The irony of Kirk’s affair is that his own wife Rush is becoming the needy wife who wants and desires more attention from her own husband just as Novak did from hers before entering into the affair with Kirk. That’s not to say she’s going to resort to the same solution as Novak. This will lead to the most uncomfortable scene in the film involving Matthau which I won’t go into. See for yourself.

“How am I any different than you?” Matthau smiles at Kirk.

matthai in strangers

I can understand why I never gave this title much thought seeing it years ago when I was looking for Kirk the action star as opposed to the dramatic side of the legendary actor. Now I see that the film carries some weight, mainly due to the performers delivering the goods. Kirk and Barbara the real standouts.

rush and douglas

Strangers was directed by Richard Quine. He had already worked with Kim on Bell, Book and Candle in 1958 and would reteam with her once more in 62’s The Notorious Landlady. This was the only time he would work with Douglas on a film that was credited as a Bryna-Quine production. Bryna being Kirk’s personal releasing company.

This above par soap opera is available on DVD and sometimes has been known to turn up on TCM for us Douglas/Novak fans.

Oh, yeah…… for Walter’s as well. Meaning me.

10 Comments »

  1. Ha! Your opening line now has me thinking of Kirk playing He-Man (which he probably would have done had those toys existed some 20+ years earlier and there was more Vikings-like movies to be made, lol)… 😀

  2. I know this movie well. My mum took me to it by accident. I have no idea what movie she thought she was taking her little boy to; I have no idea why the cinema allowed me into what must surely have been an A (13 and up) movie — I must have been about 11, so maybe they just assumed I was small for my age. I can recall being startled by the content and having a difficult time following bits of the plot, but most of all the increasingly glacial presence by my side as my mum realized her dreadful error.

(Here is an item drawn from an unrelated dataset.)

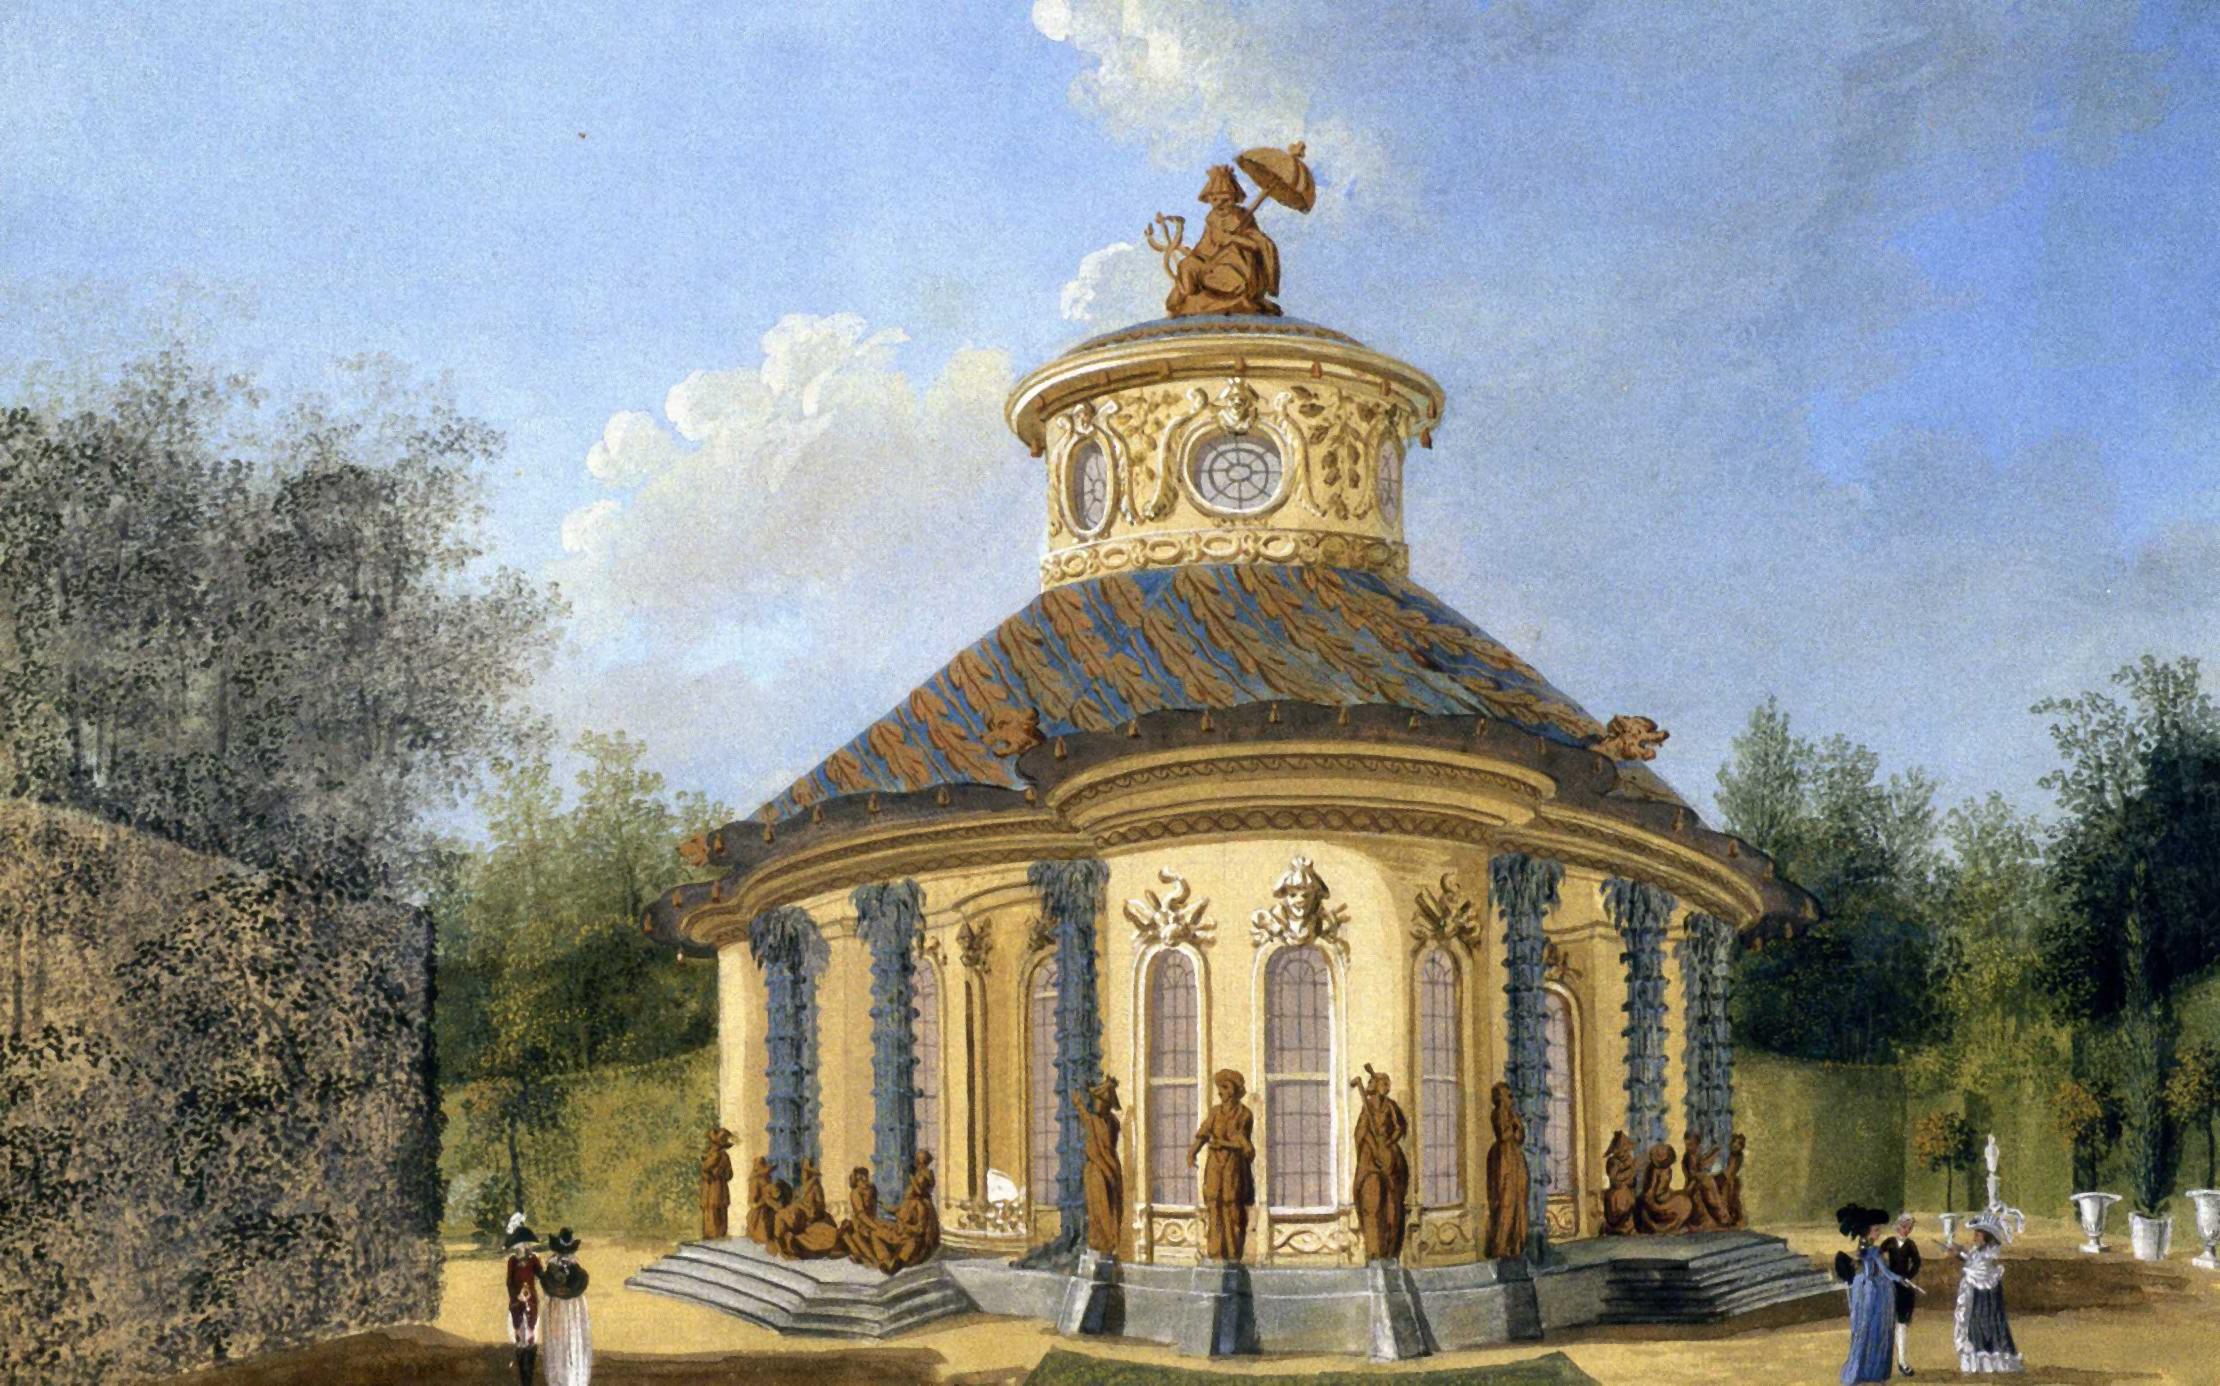 File:Chinesisches Teehaus zu Sanssouci (Nagel).jpg - Wikimedia Commons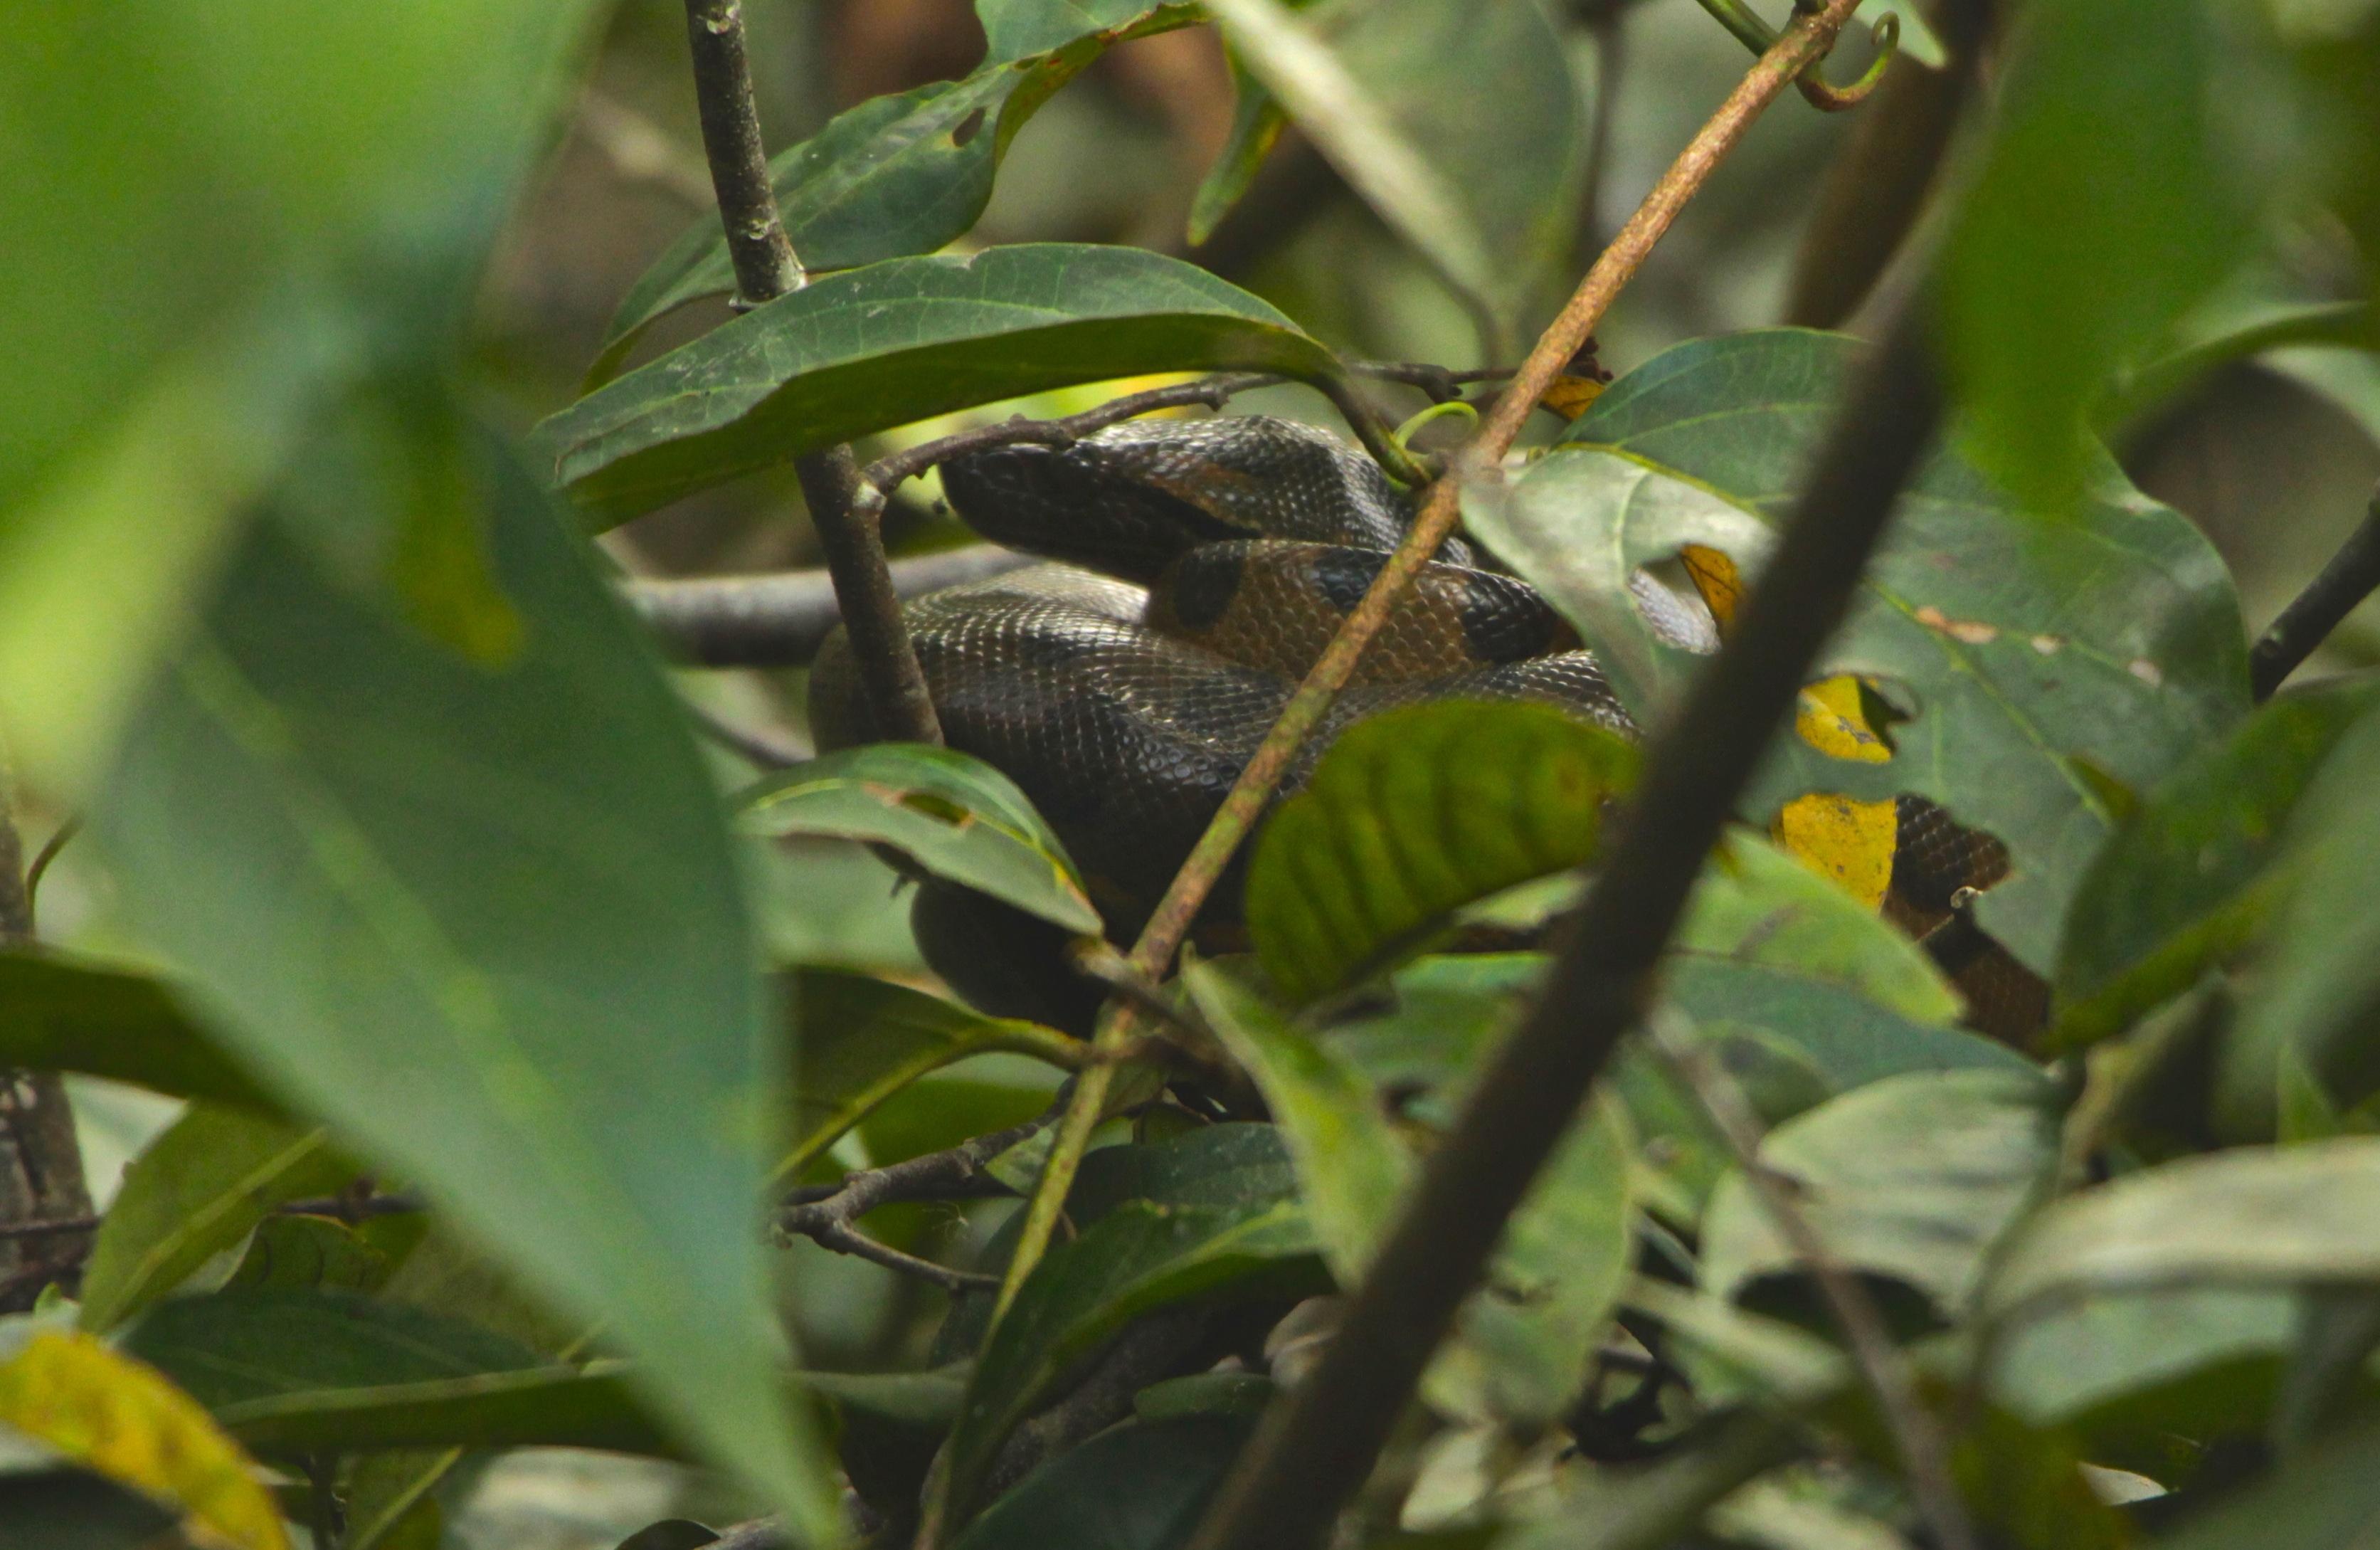 Baby Anaconda

    Years later I appreciated her dilemma, and sympathized. Which would be worse? — letting me watch in the hope that my innocent (hah!) little mind wouldn’t understand it, or dragging me out of the place and then trying to invent a plausible reason for having done so that wouldn’t shatter my (snort) innocence. There was another factor: as a good Scot, she was disinclined to waste the ticket price by opting for the latter course. So we watched on . . .

    • That’s a wonderful story. Thanks for sharing. Those are the ones I like to write about on occasion when thinking back to my own experiences and the discovery of film. I would encourage you to pad that out a bit and share the tale on your site.

  3. Saw this about a year ago – a very engaging movie, and you can’t help feeling sorry for the main characters doomed romance even as they’re treating their spouses despicably. Matthau is particularly loathsome – that scene with him and Rush is shudder worthy example of what can be done with restraint. One thing I didn’t like (SPOILERS AHEAD) is how Rush’s character threaten’s Douglas with never seeing their children again. I thought it was petty, and a weak point in an otherwise sympathetic character. On another tack, Douglas would have been awesome as Batman!

    • The Matthau scene actually reminded me of the tension that Mitchum was bringing to the start of his scene with Polly Bergen in Cape Fear. You just don’t know how far he was Walter was gonna push it.
      Can you imagine the Douglas cleft chin and mouth visible under the Batman face mask?……. Iconic!